“Eau rescue”, a video game to raise awareness about the water crisis in the archipelago

Did you know that in certain departments in France, water does not flow into the tap every day? This has been the case in Guadeloupe for several years, where residents suffer from untimely and recurring cuts or problems with the quality of the water distributed.

To denounce this lack of running water, Samora Curier, a Guadeloupean in his thirties, has been working for several months on the development of a video game, called “Water Rescue”. “I wanted to find a different way to approach this subject,” he explains. Known on social networks under the pseudonym Mwakasthe hopes through this to raise awareness among the general public, but also to make it an educational tool.

A constantly unstable network

“Water Rescue” is a puzzle game, that is to say a puzzle. The player embodies the character of Toupit’, a young Guadeloupean commissioned by the spirit of water, Manman Dlo, to repair the running water network and thus reconnect the population. So, at the first level of the game, the gamer must connect houses to water towers.

In the following levels, Samora and her team have surprises in store for you. For example, you will have to defeat monsters made of chlordecone – a pesticide used at the end of the 20th century in the banana plantations of Martinique and Guadeloupe, which poisoned a large part of the population – sent by the villain of the game, General Dézò͘d to attack the network.

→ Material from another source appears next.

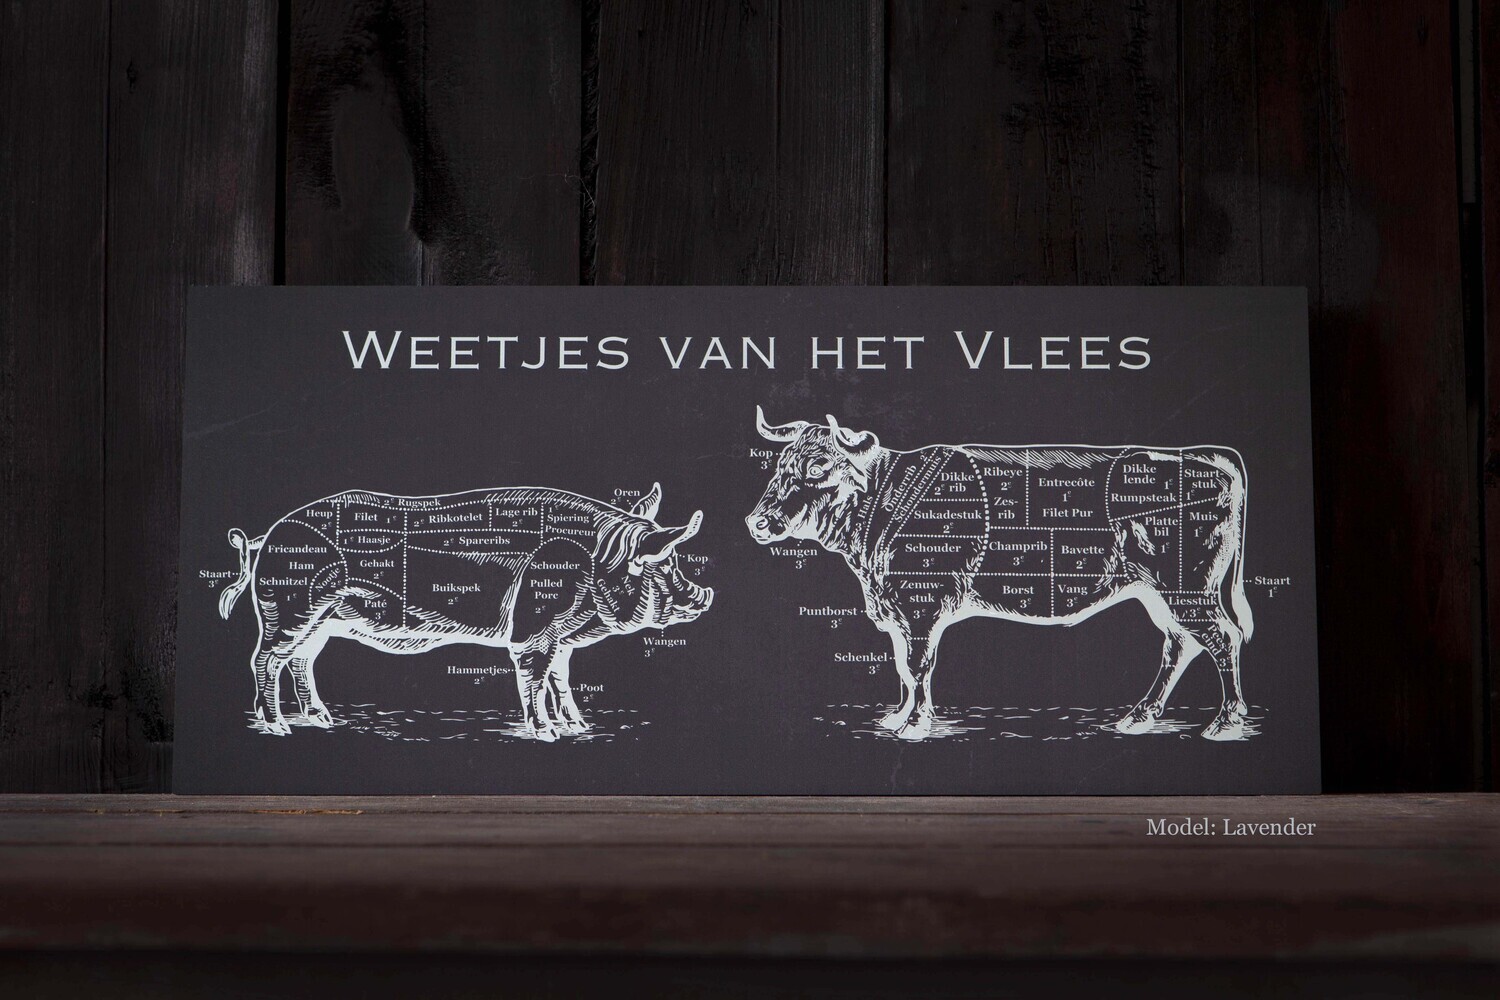 Weetjes van het Vlees Lavender 'Vlaamse versie'

A way of illustrating one of “the realities of home”, explains Samora. “As it is an obsolete network, to which we put small bandages, we always need to repair a leak. There is a sempiternal side. We wanted to show that the network is never stable,” he adds.

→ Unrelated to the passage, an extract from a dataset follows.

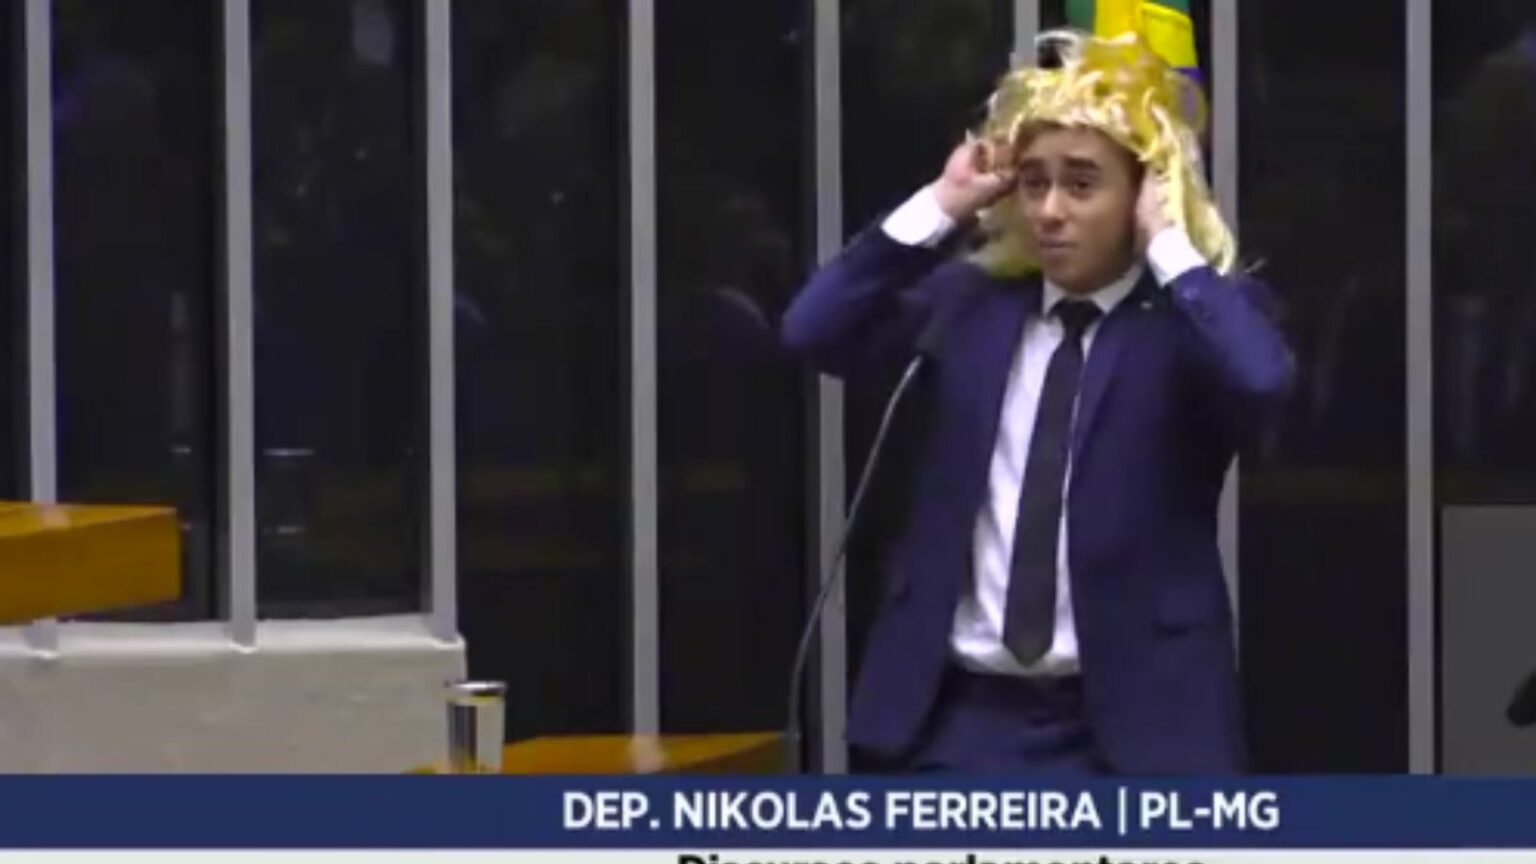 Deputado Federal Nikolas Ferreira, sempre tão profundo quanto um pires

A release planned for 2024

The video game will be released in 2024. To finance the project, the team launched on September 1 a crowdfunding campaign on the Ulule platform, which ends on October 6. They have so far raised more than 10,000 euros.

Guadeloupe is not the only French department to lack water. In Mayotte, a water crisis has persisted for several weeks amid drought and dysfunction in infrastructure management.